# There, I fixed it!



## carryyourbooks (Jan 13, 2010)

found these on friday. 

the first one feeds landscaping lights. they ran the cord about 100' just below the grass out to the tree. they buried this box so you could only see the top of it. for some odd reason, they covered the top of the box with aluminum duct tape.










then, this one later in the day. the exension cord went to a small fridge in the next room.


----------



## nolabama (Oct 3, 2007)

turds


----------



## chicken steve (Mar 22, 2011)

as well as turd herders

~CS~


----------



## kbsparky (Sep 20, 2007)

Was that standing water in the bottom of that PVC box? 

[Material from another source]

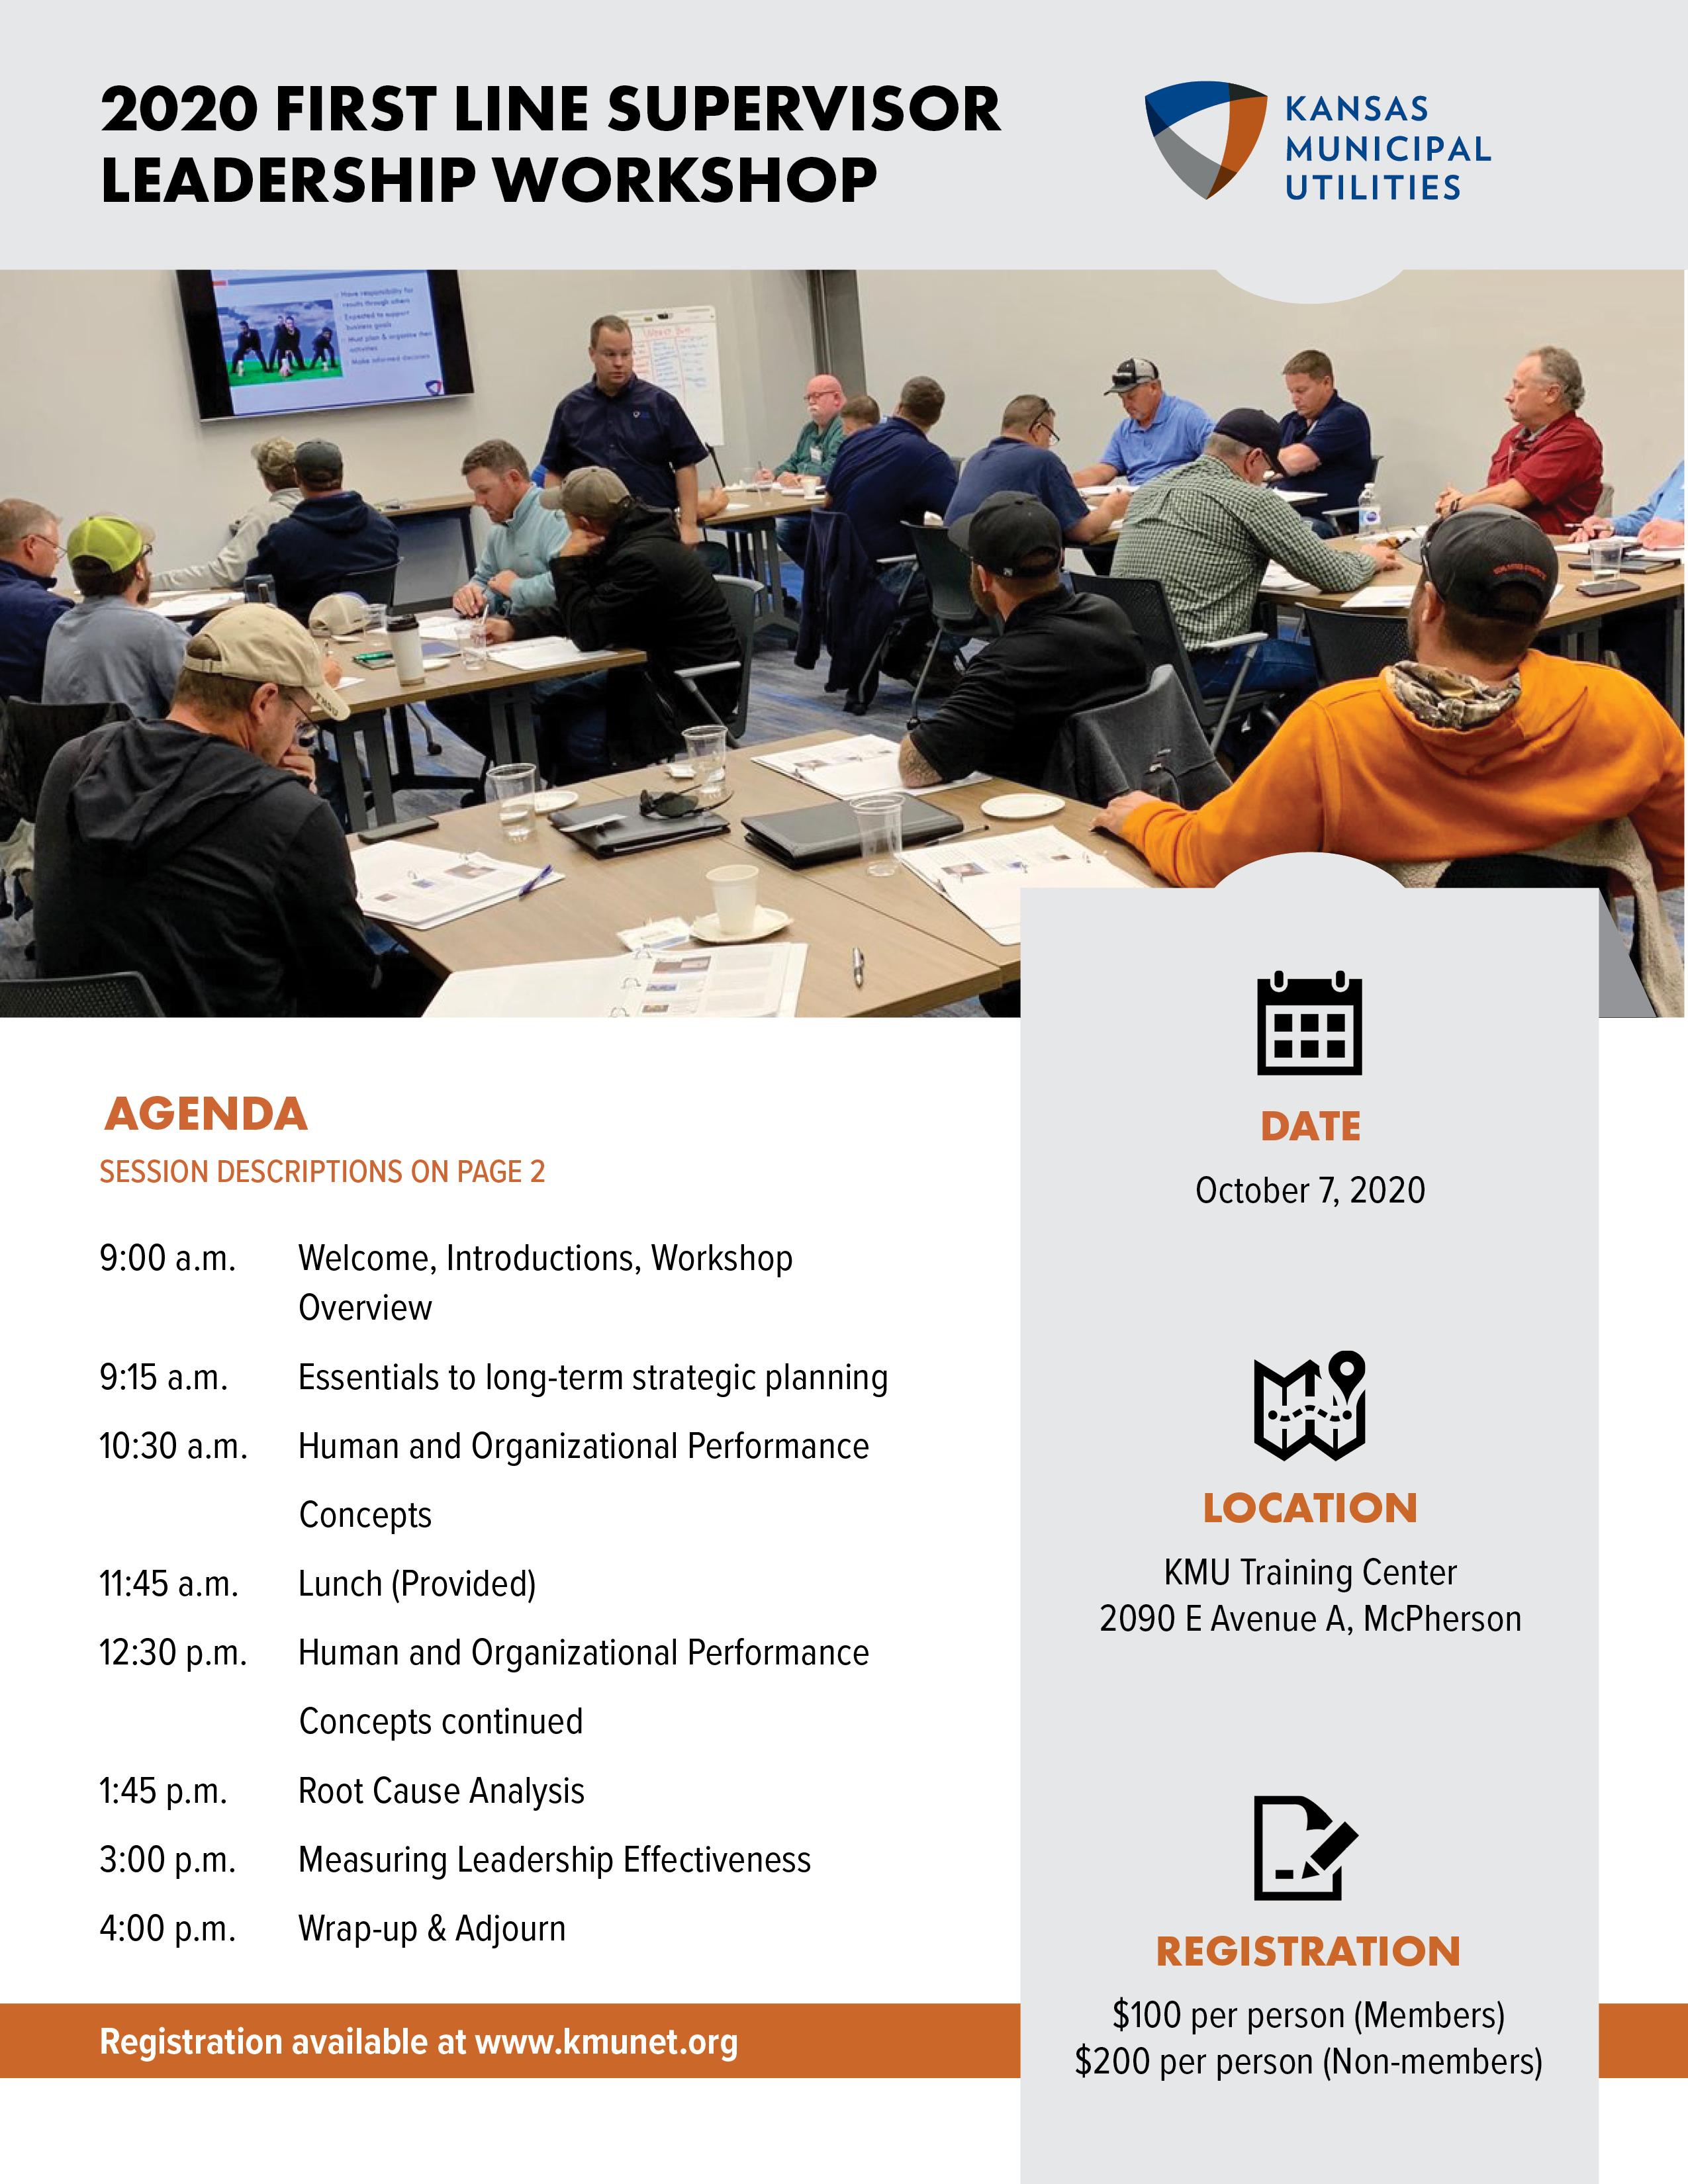 2020 Supervisor Leadership Seminar - Kansas Municipal Utilities

Jack-legged jobs like that can cause all sorts of problems with those taped up plugs retaining moisture instead of keeping it out ....


----------



## carryyourbooks (Jan 13, 2010)

^^^yup.


----------



## erics37 (May 7, 2009)

That's some real hack s**t in that PVC box. What a joke.

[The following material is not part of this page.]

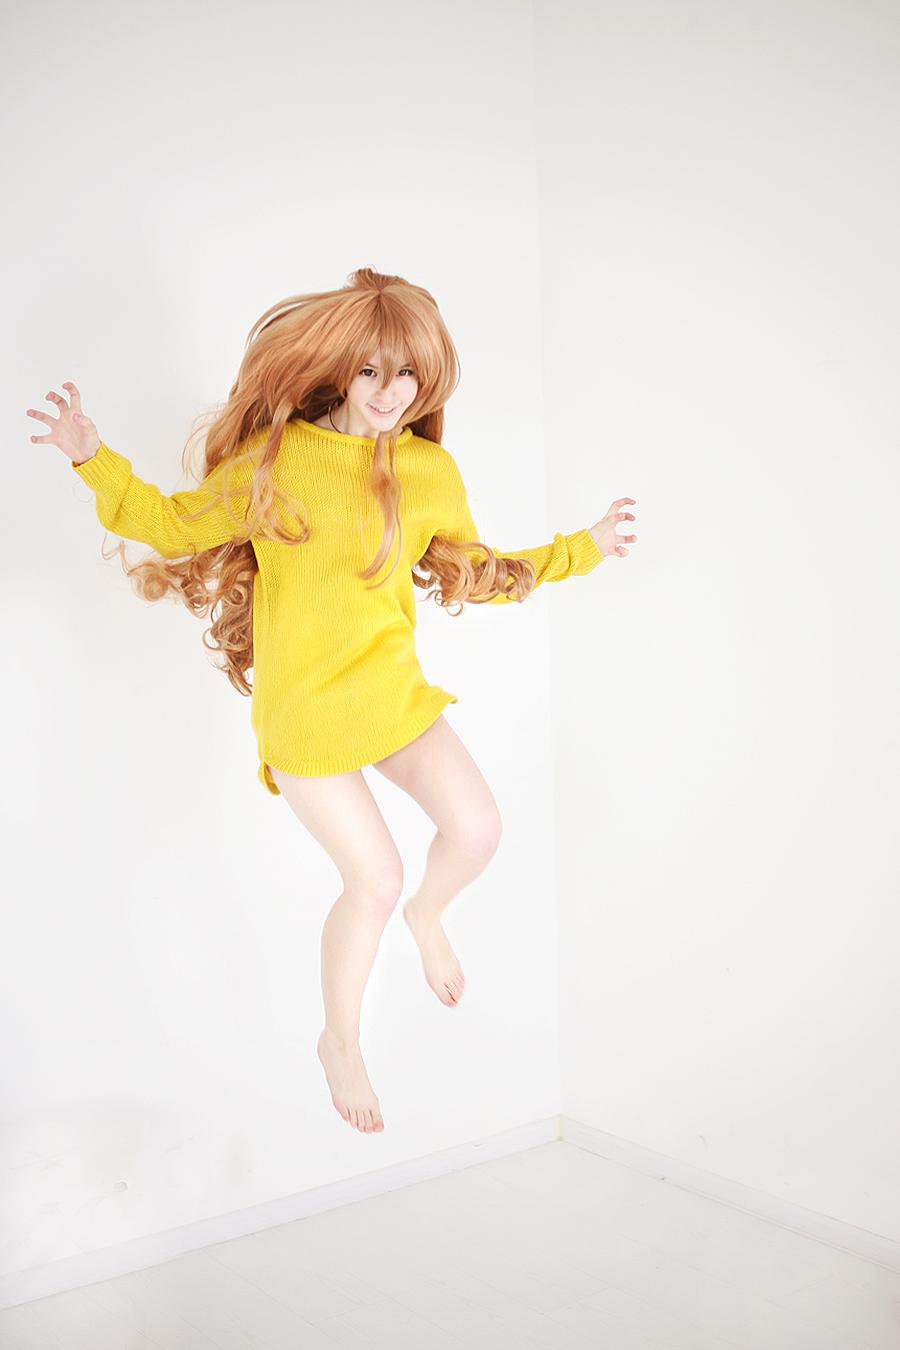 Sweet Astra - Set 9 - Model Blog

They should've used one of these instead:










:jester:


----------



## user4818 (Jan 15, 2009)

They must have taken a cue from B4T.


----------



## HARRY304E (Sep 15, 2010)

Peter D said:


> They must have taken a cue from B4T.


:sleep1:


----------



## user4818 (Jan 15, 2009)

HARRY304E said:


> :sleep1:


:boat:


----------



## carryyourbooks (Jan 13, 2010)

you can't get too crazy with these HO"s. if the fella at HD said it can be done, then it is as good as gold. i had an HO the other day that wanted me to install a nice motion light on her nice home. she said the HD fella sold her some 14/2 uf cable and that's all she needed. she was in total shock when i told her the fixture needed a box and she just couldn't stab the wire into the outdoor receptacle.


----------



## TOOL_5150 (Aug 27, 2007)

There is so much to be said about that first picture. But I read that you get the banhammer when you poke fun at another member, so ill leave it at that. I dont see any scotchcoat though... :brows:


----------



## chicken steve (Mar 22, 2011)

the hacks are winning.....

~CS~


----------



## joedreamliner787 (Sep 27, 2011)

Looks like they have a DSC alarm system too. What crap work.


----------